▶ [What to work on] Reproduce precisely the lines of the material below from the line containing "Des milliers de" up to and including its last line. Pictures must not be copied.

▶ [Dataset extract]
==================================================
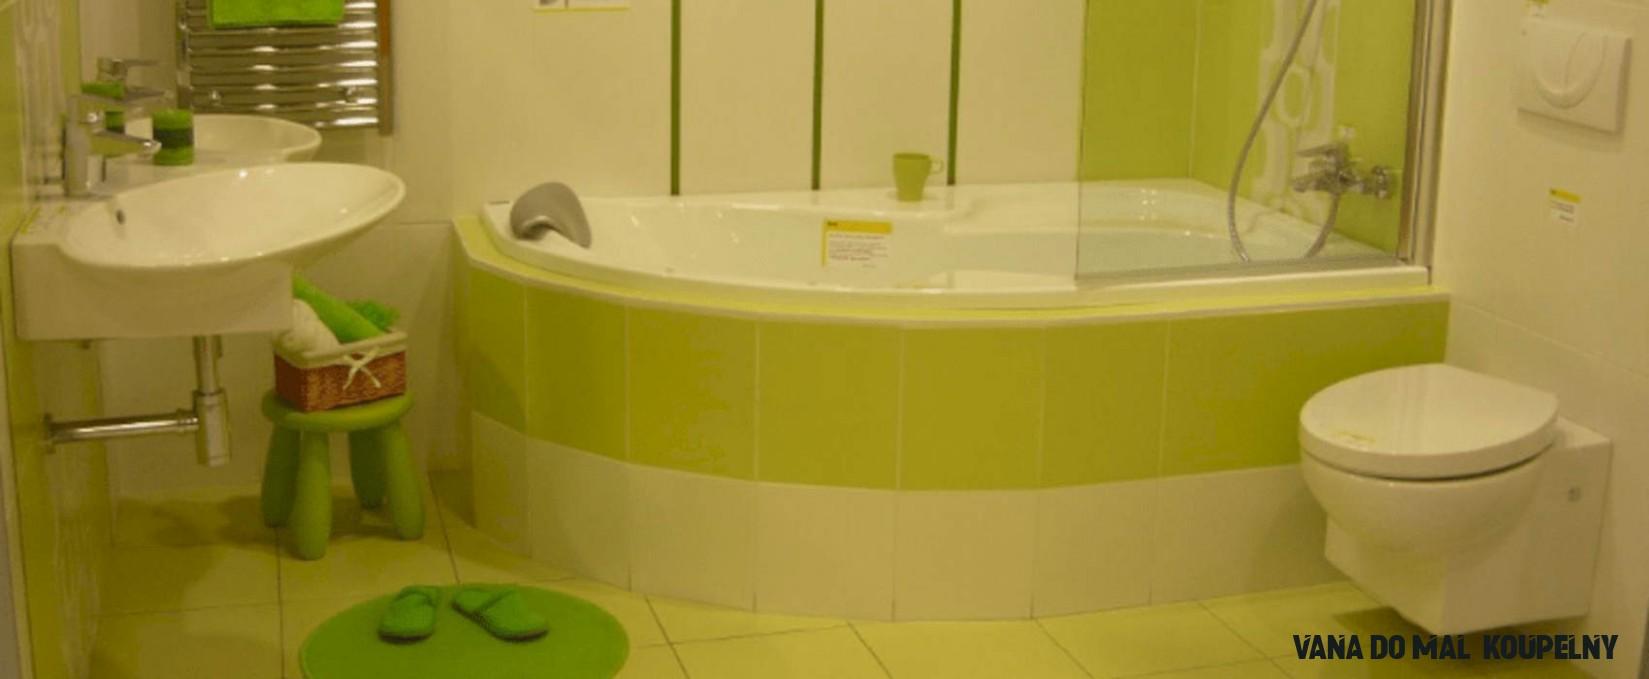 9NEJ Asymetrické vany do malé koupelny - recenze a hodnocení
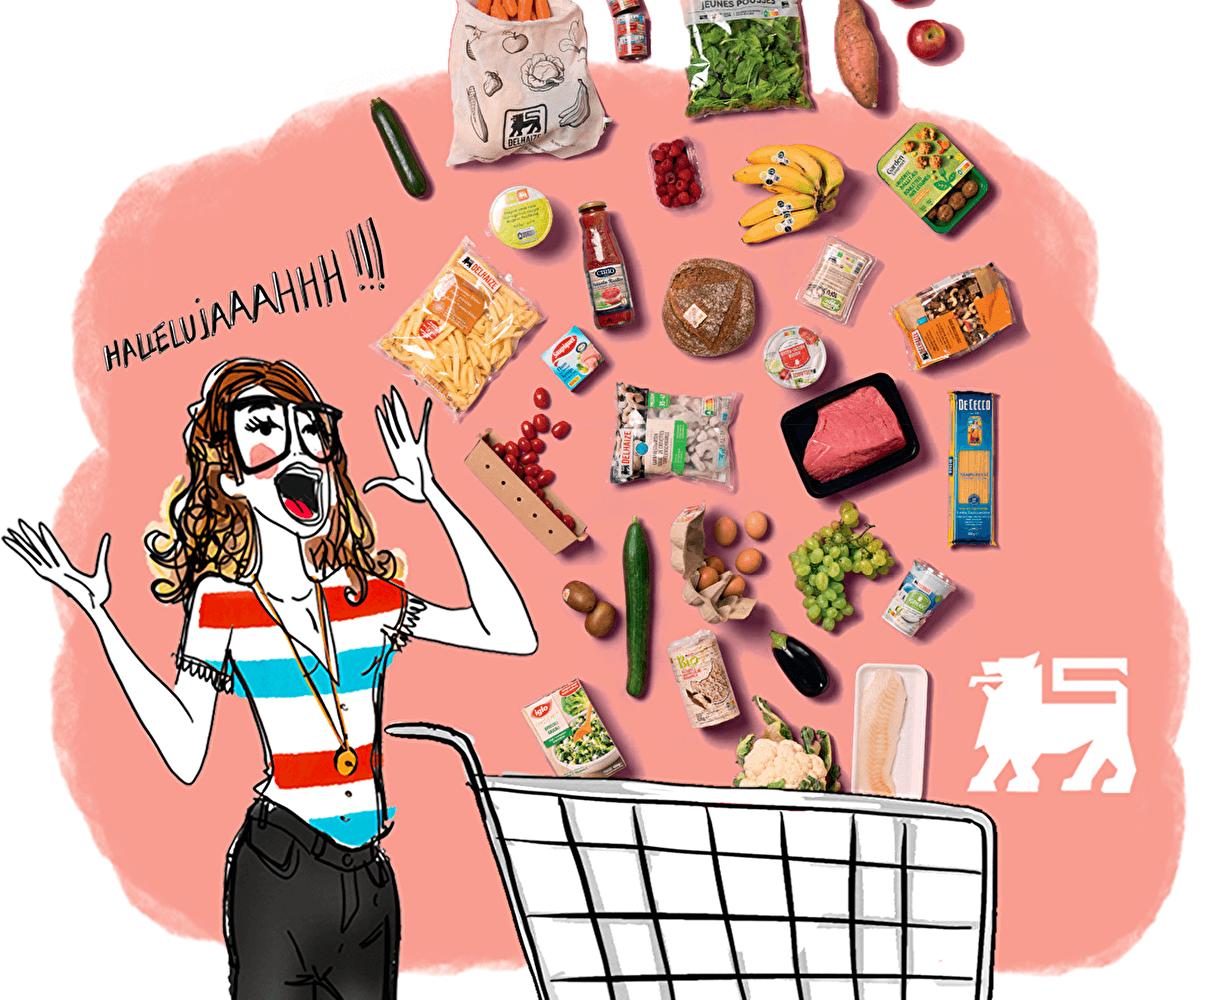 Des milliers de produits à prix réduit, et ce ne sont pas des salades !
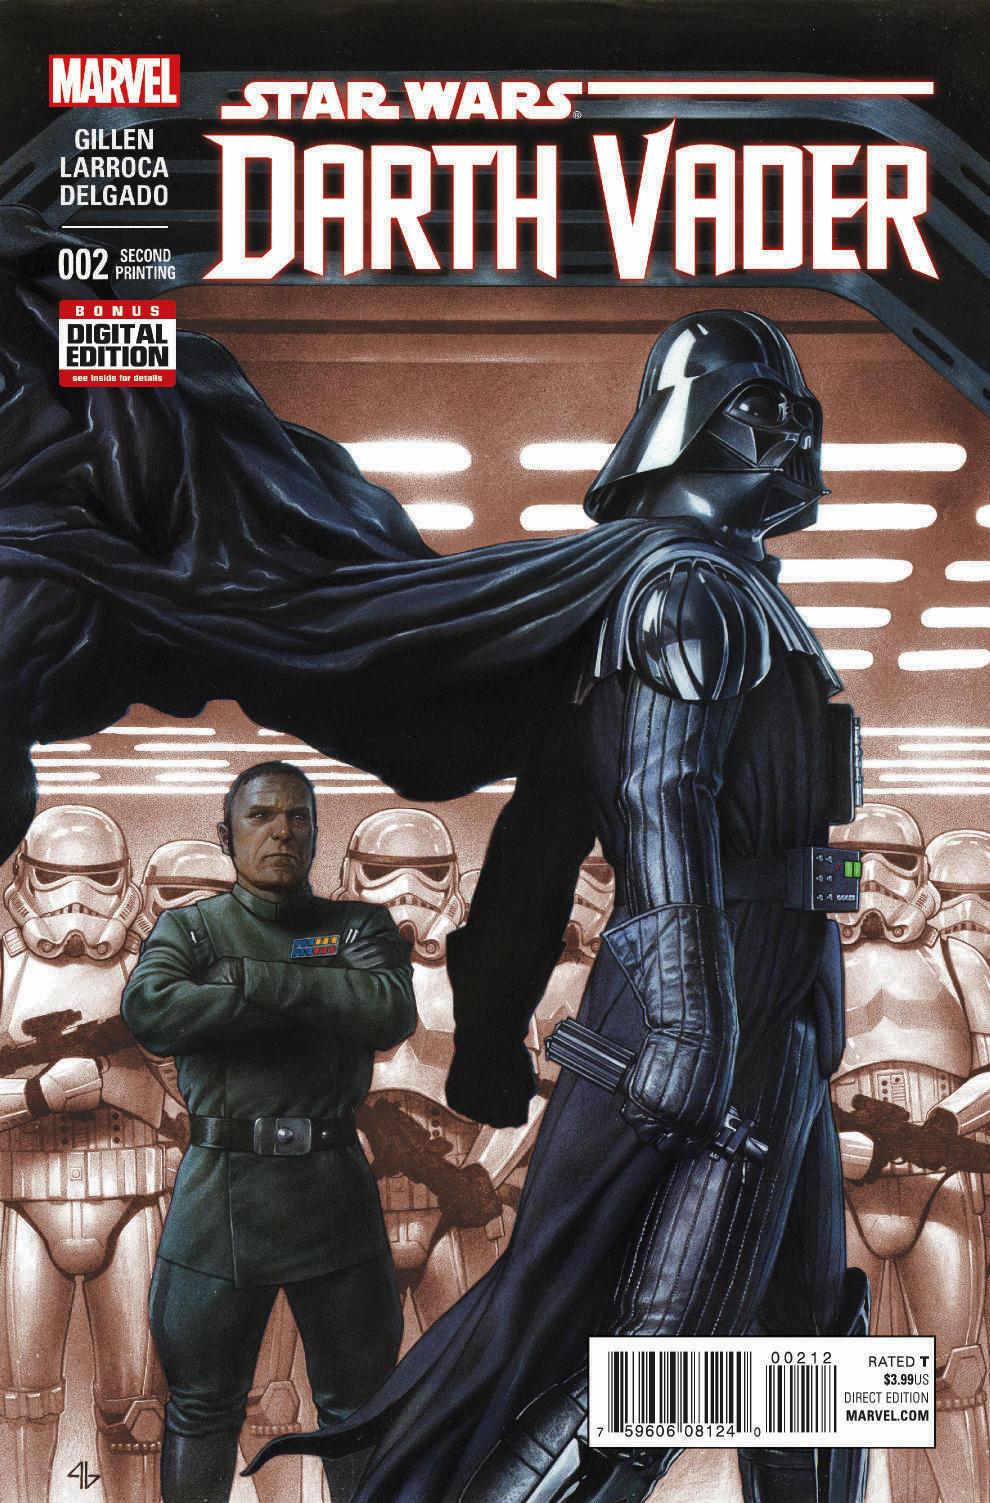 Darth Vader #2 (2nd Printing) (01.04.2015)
==================================================
▶ [Exercise response]
 Des milliers de produits à prix réduit, et ce ne sont pas des salades !
 Darth Vader #2 (2nd Printing) (01.04.2015)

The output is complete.